=== PROBLEM STATEMENT ===
A word-for-word copy of the listing, free of images, is the expected answer.

=== RECORDED INFORMATION ===
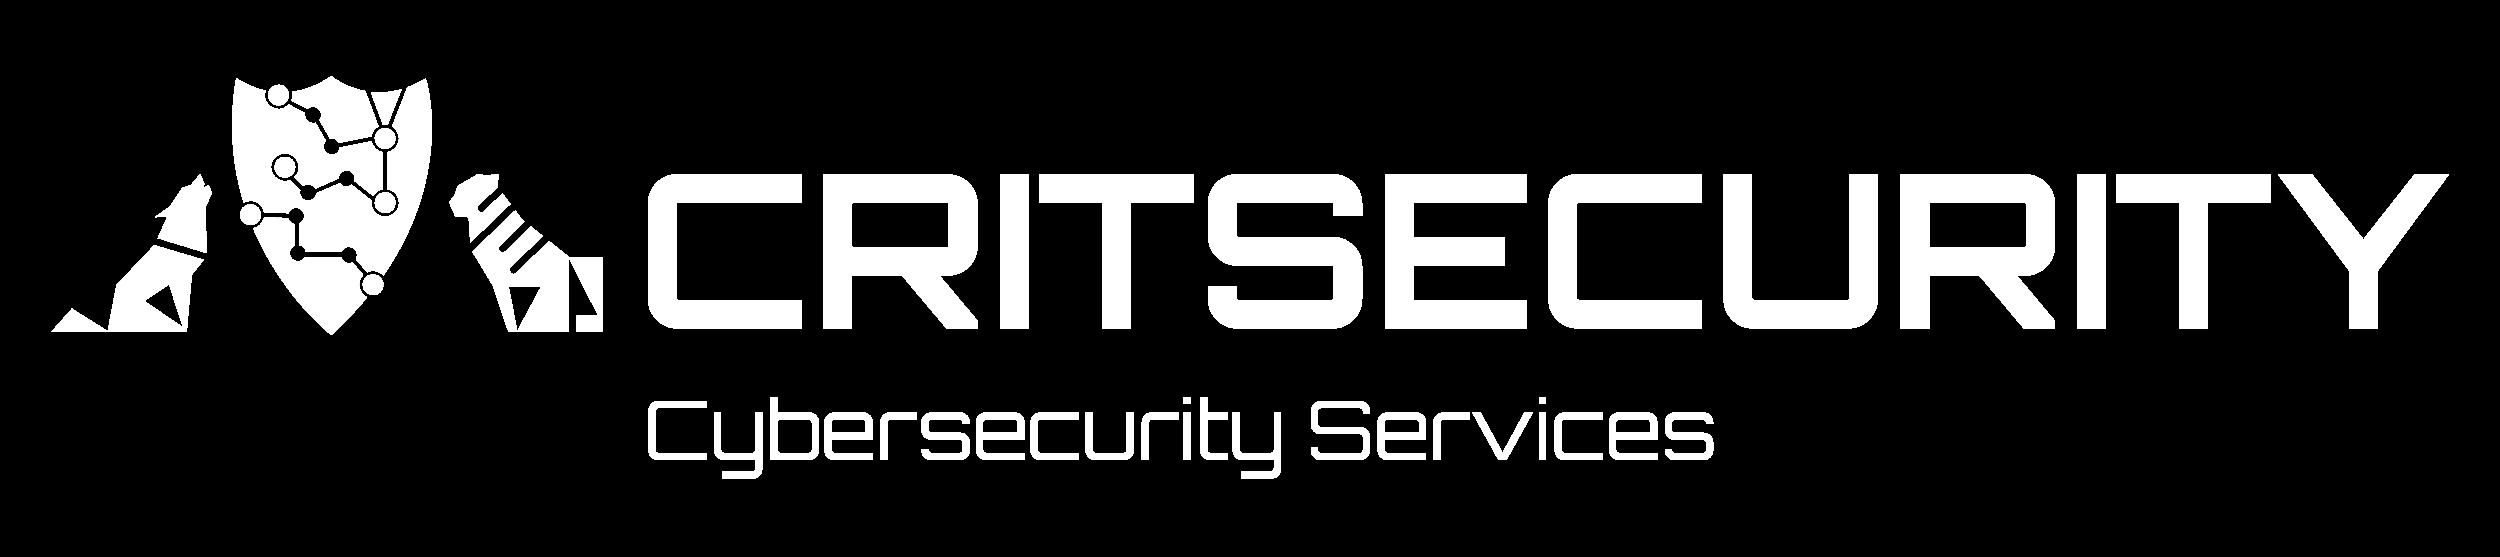 CritSecurity
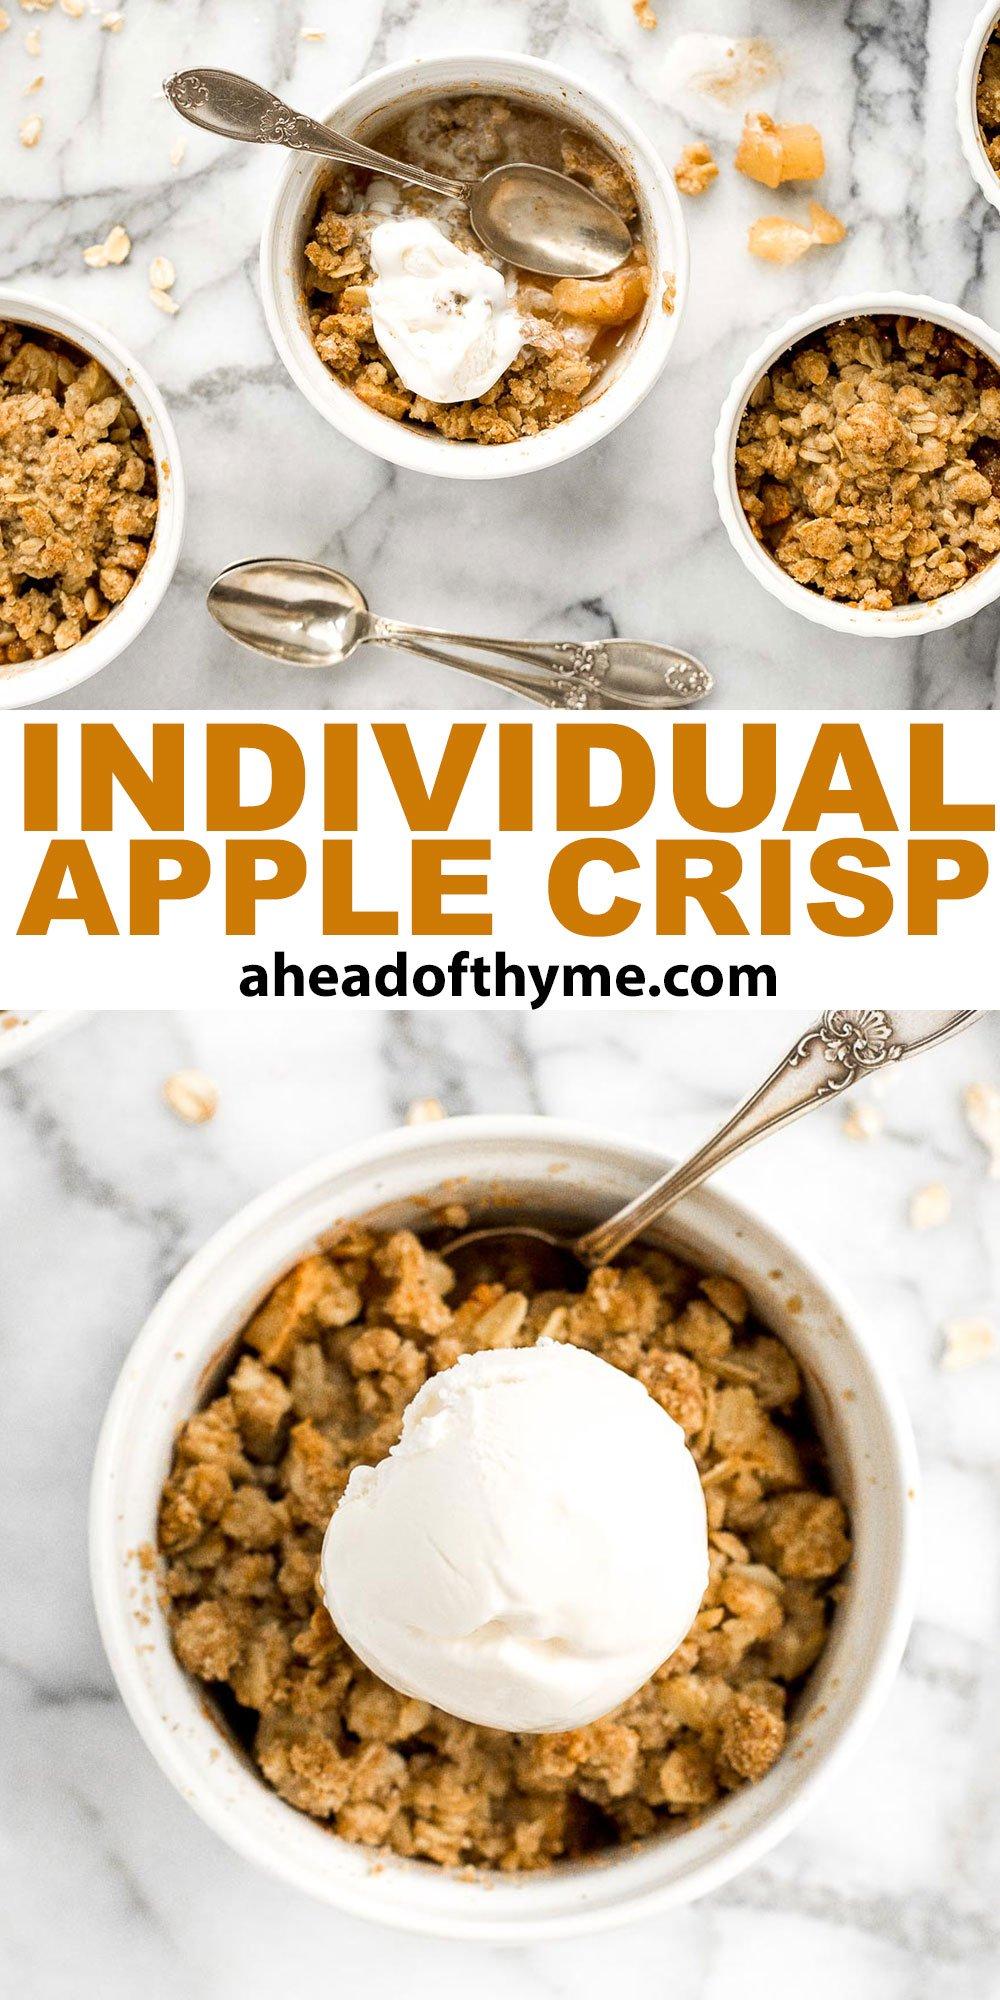 Individual Apple Crisp
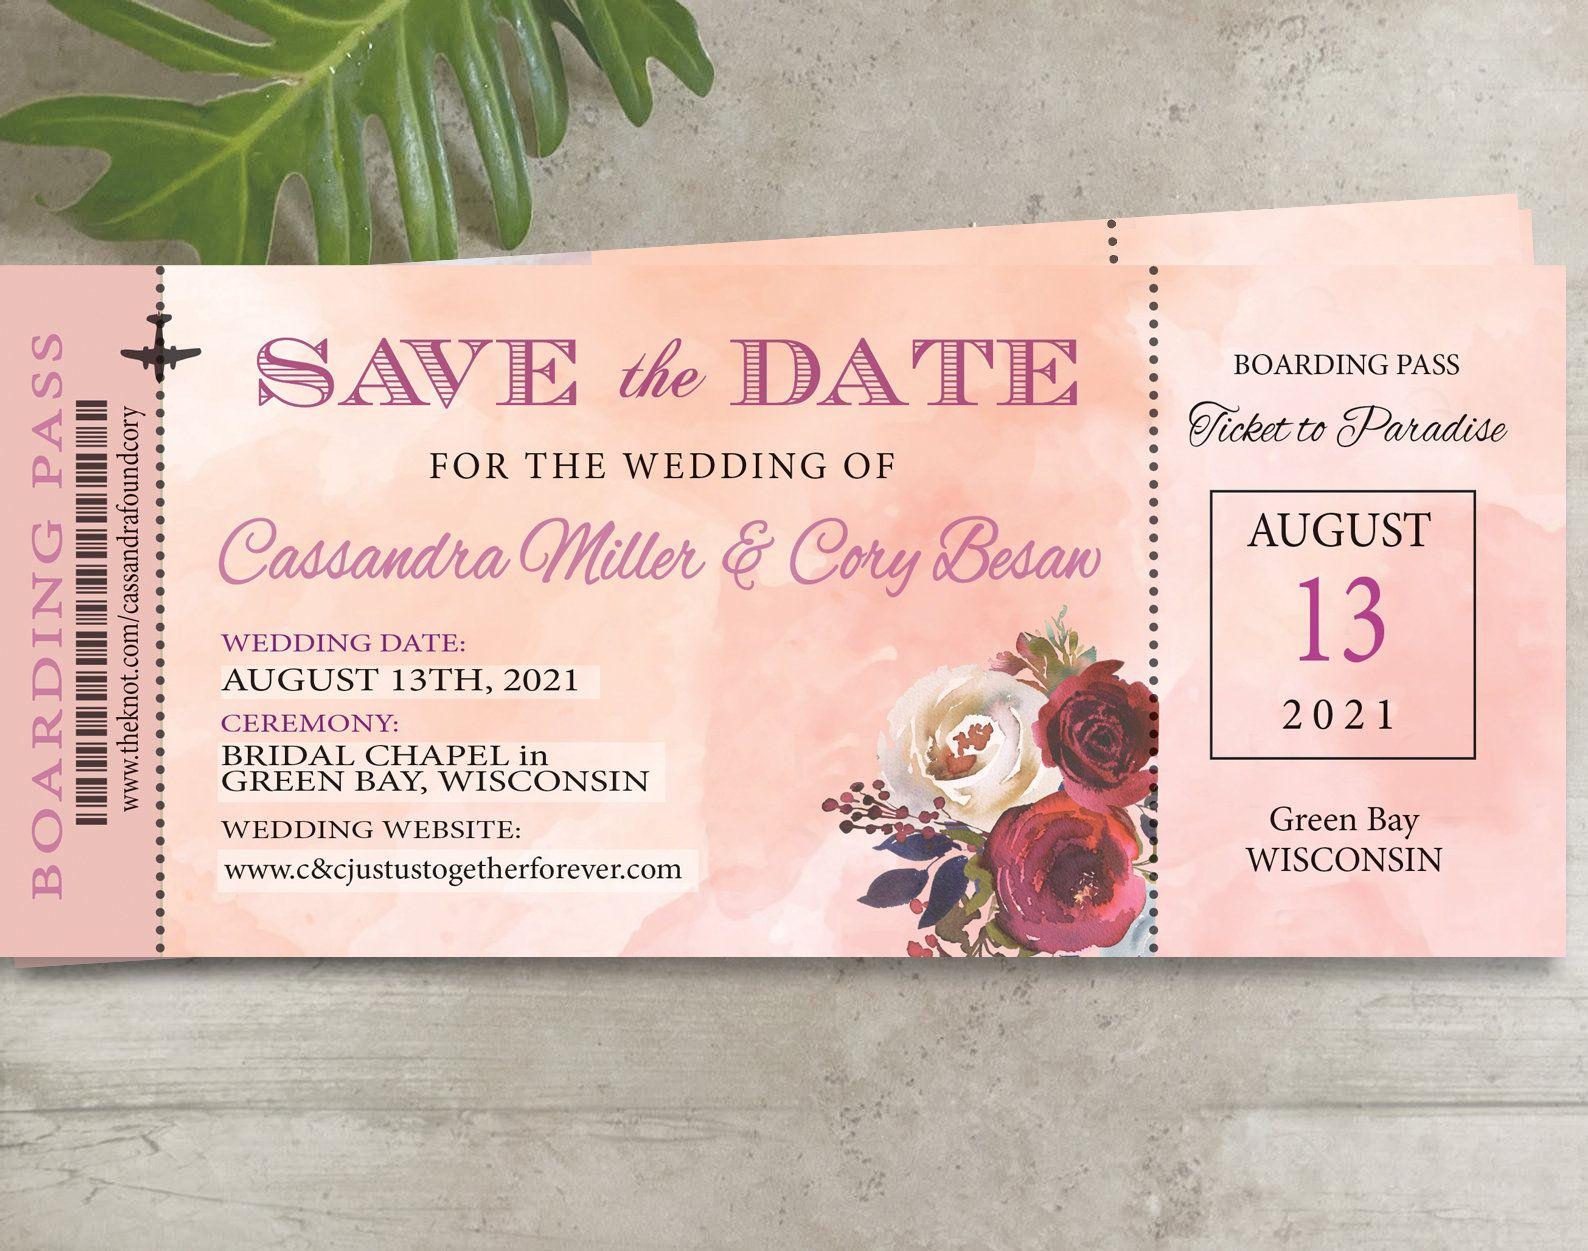 Travel Theme Boarding Pass Ticket Passport Wedding Save the Date Wedding Reception Elope Invite Destination Travel passport boarding pass

=== SOLUTION ===
 CritSecurity
 Individual Apple Crisp
 Travel Theme Boarding Pass Ticket Passport Wedding Save the Date Wedding Reception Elope Invite Destination Travel passport boarding pass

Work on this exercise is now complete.